What are the inputs to the daily OISST and how are they processed?

There are three inputs to the daily OISST: buoy and ship (in situ) sea surface temperature (SST), satellite SST, and gridded sea ice concentration. Each input has a different preparation method, as described in Reynolds et al. (2007). The in situ SSTs need to be checked for outliers, and then averaged onto the 1/4° grid, separately for ships and buoys. The ship data are adjusted to the buoys by subtracting a constant 0.14°C. Similarly, satellite temperatures are averaged onto the analysis grid, after which they are bias-adjusted to the in situ data. For the marginal ice zone, where there is little in situ data, proxy SSTs are generated from sea ice concentrations. The interpolation step combines the prepared inputs. Banzon et al. (2016) provides more details on the input datasets used.

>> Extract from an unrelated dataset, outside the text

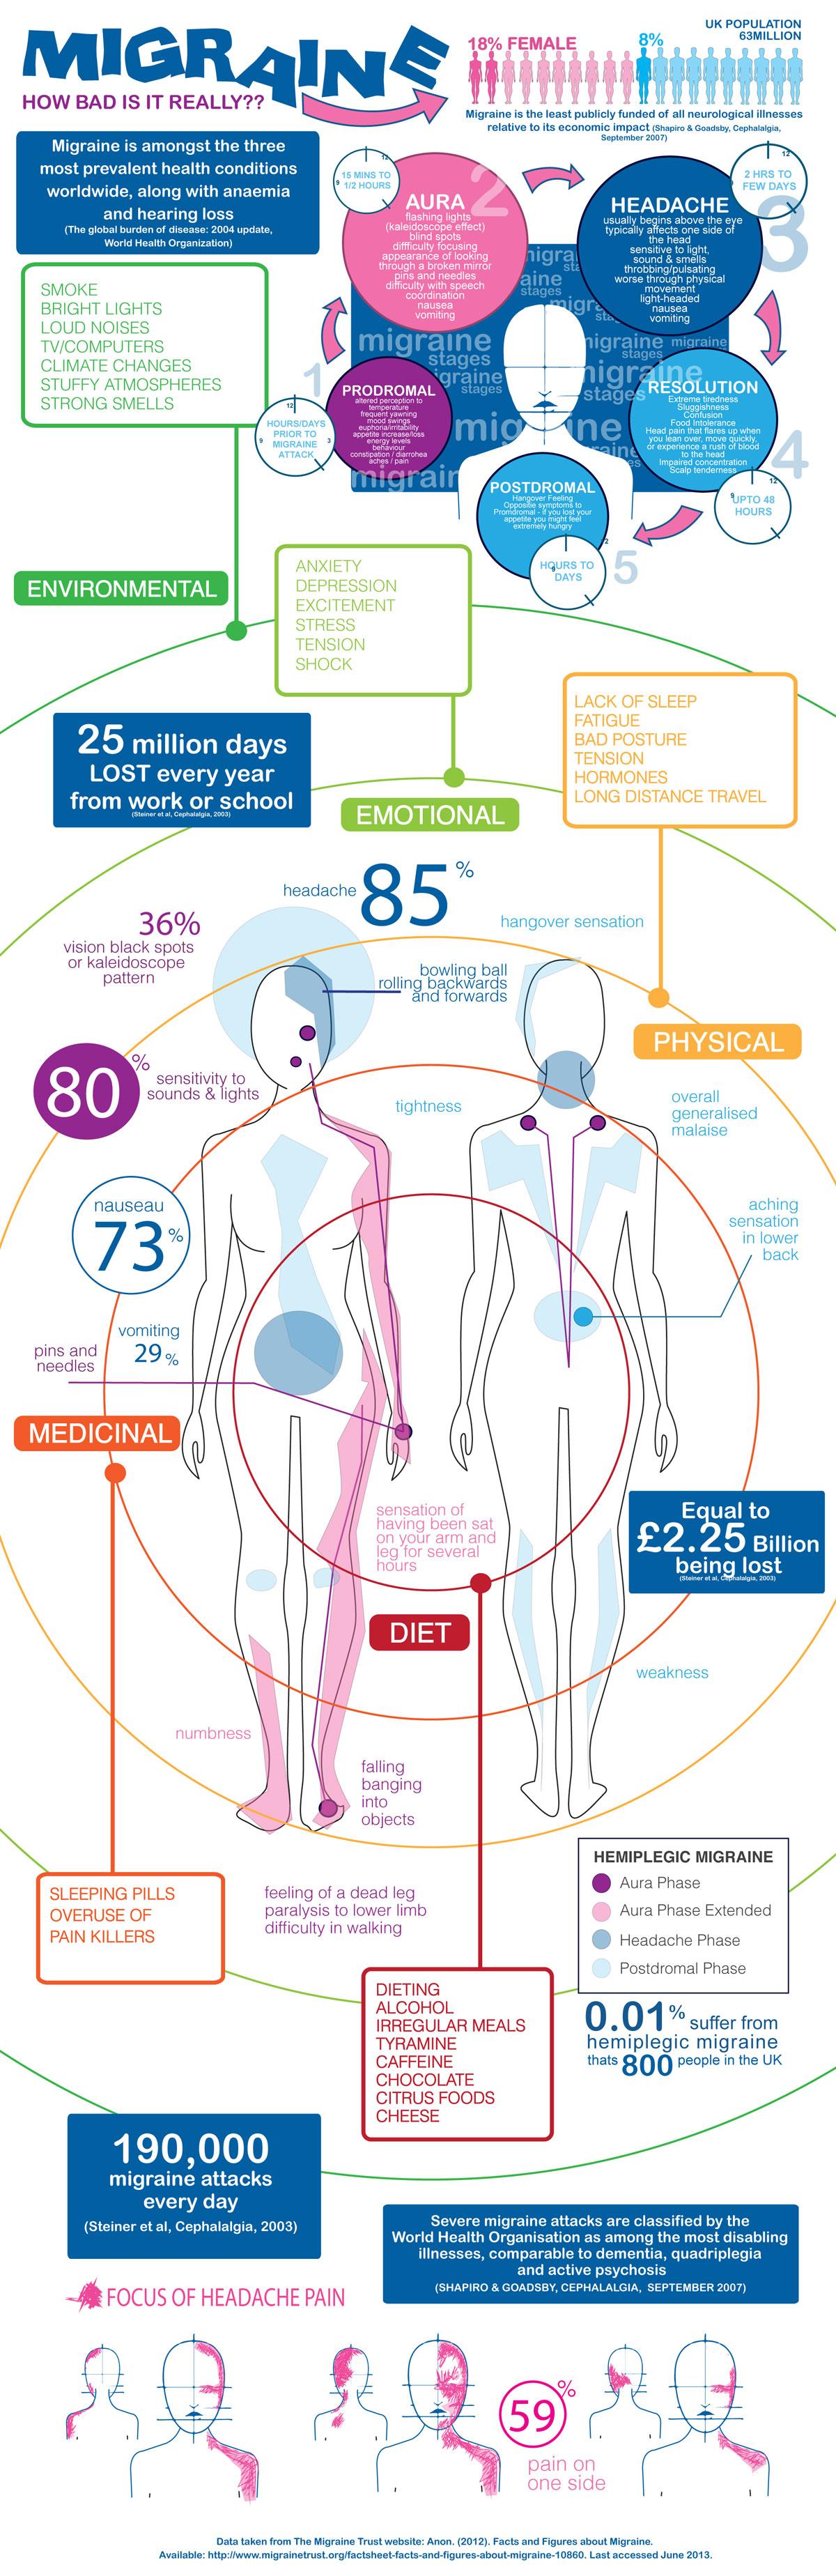 How to avoid migraines infographic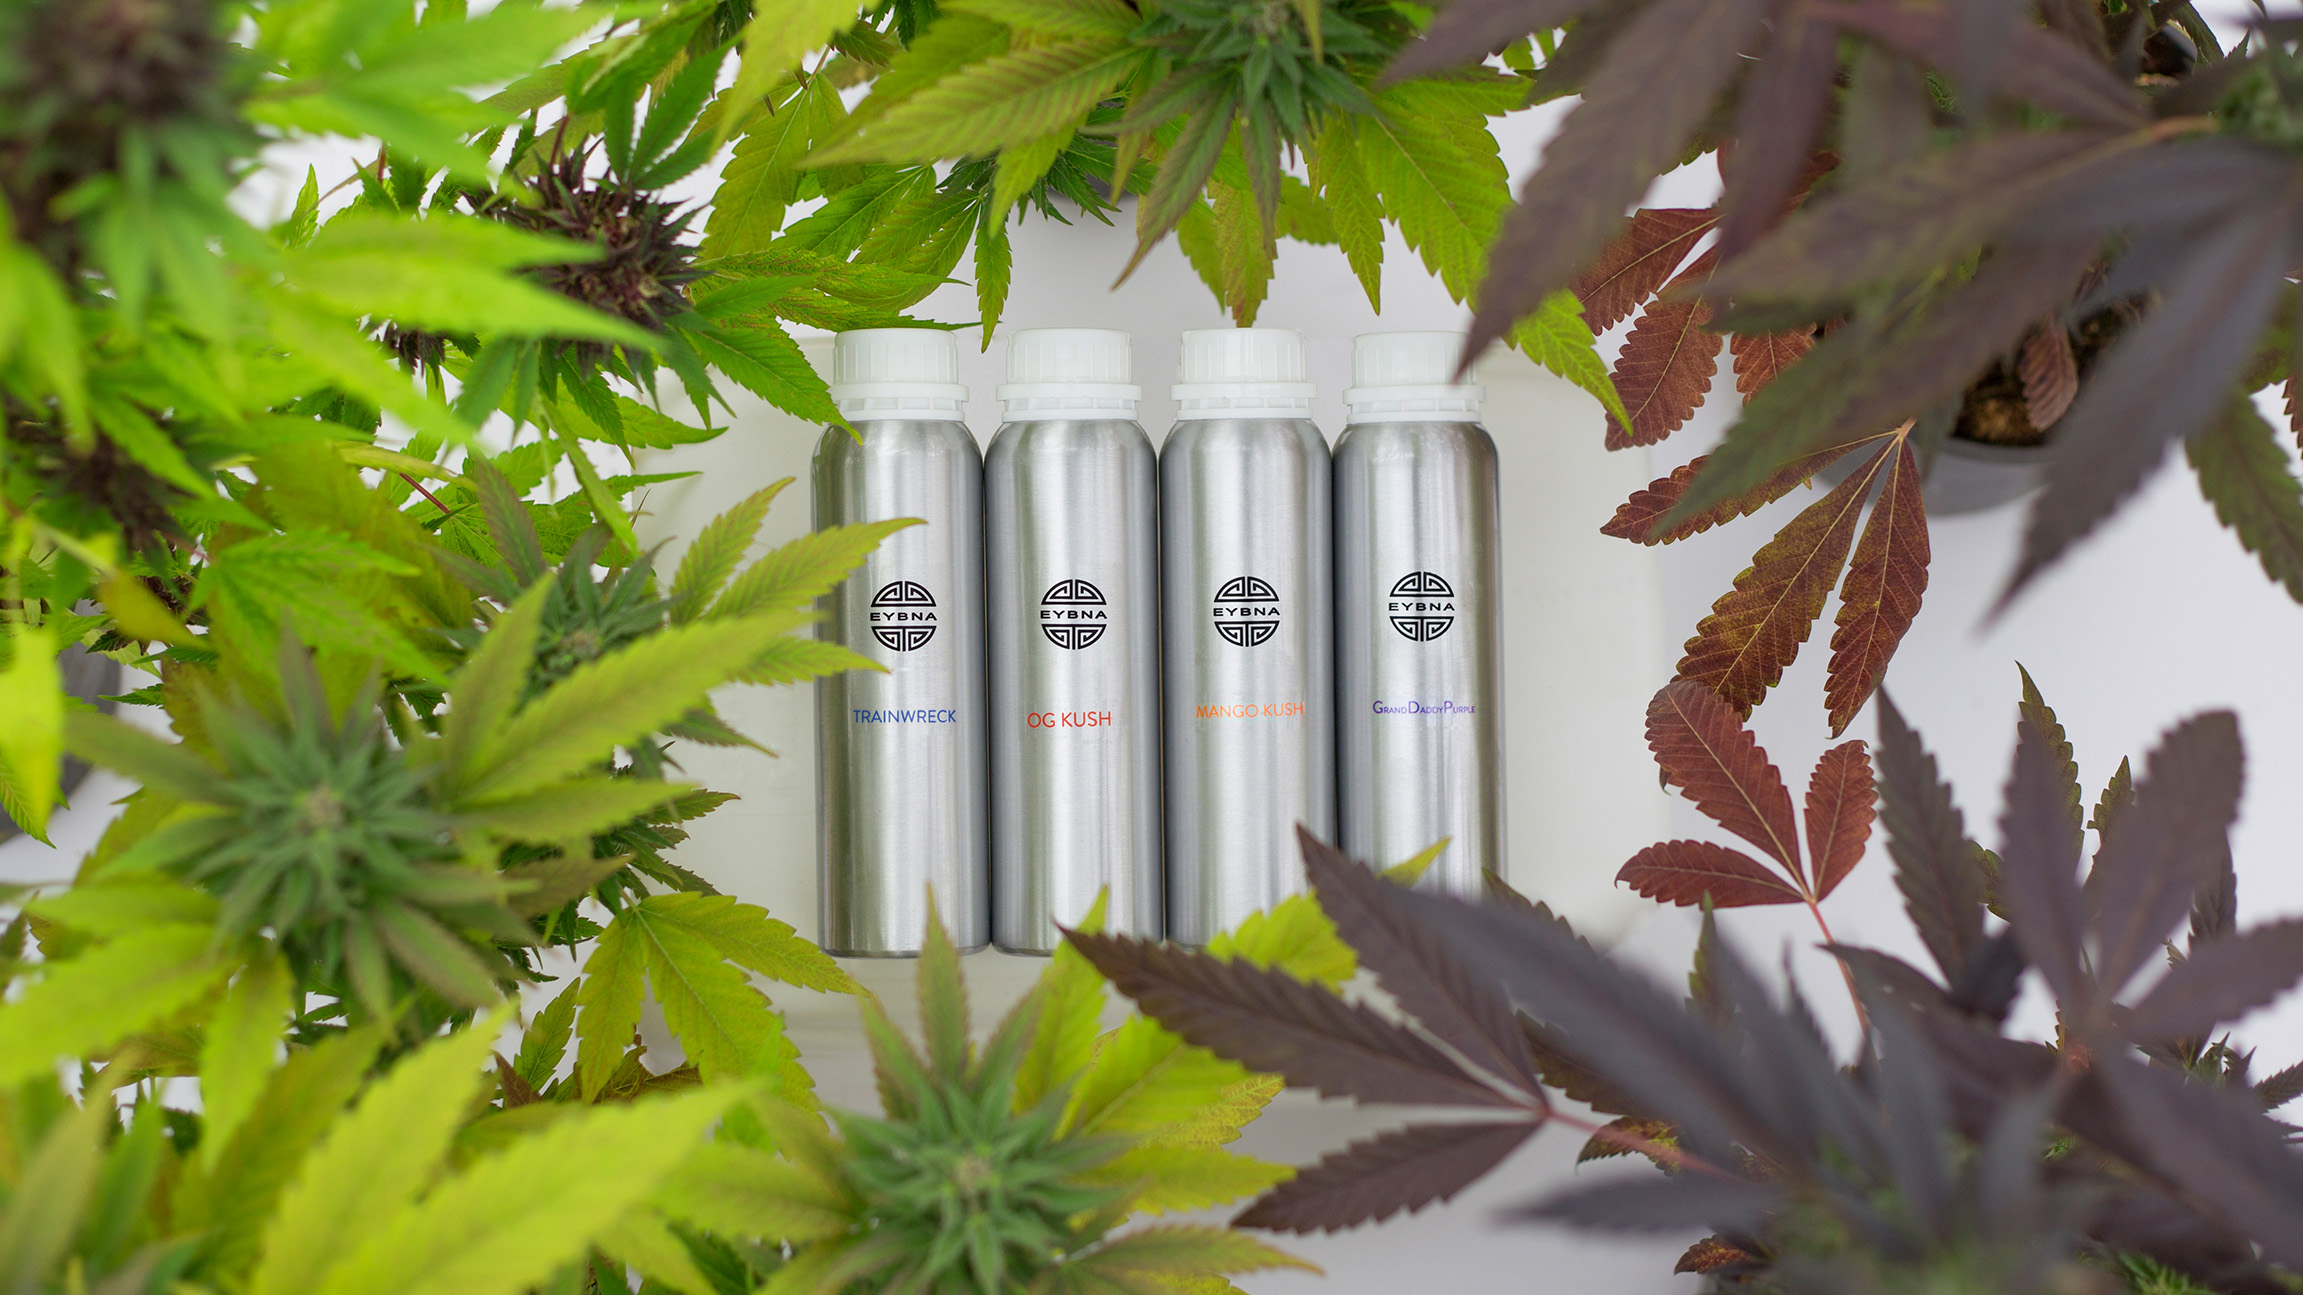 Terpene formulation cannisters

The information in this chart is also available in Reynolds et al. 2007 and Banzon et al. 2016

What climatology is used to compute the SST anomalies?

The climatology used to compute the daily OISST anomalies, available from NCEP, represents the 1971–2000 base period and is interpolated to 1/4° daily grid file from the 1° monthly file. The climatology is described in Xue et al. (2003).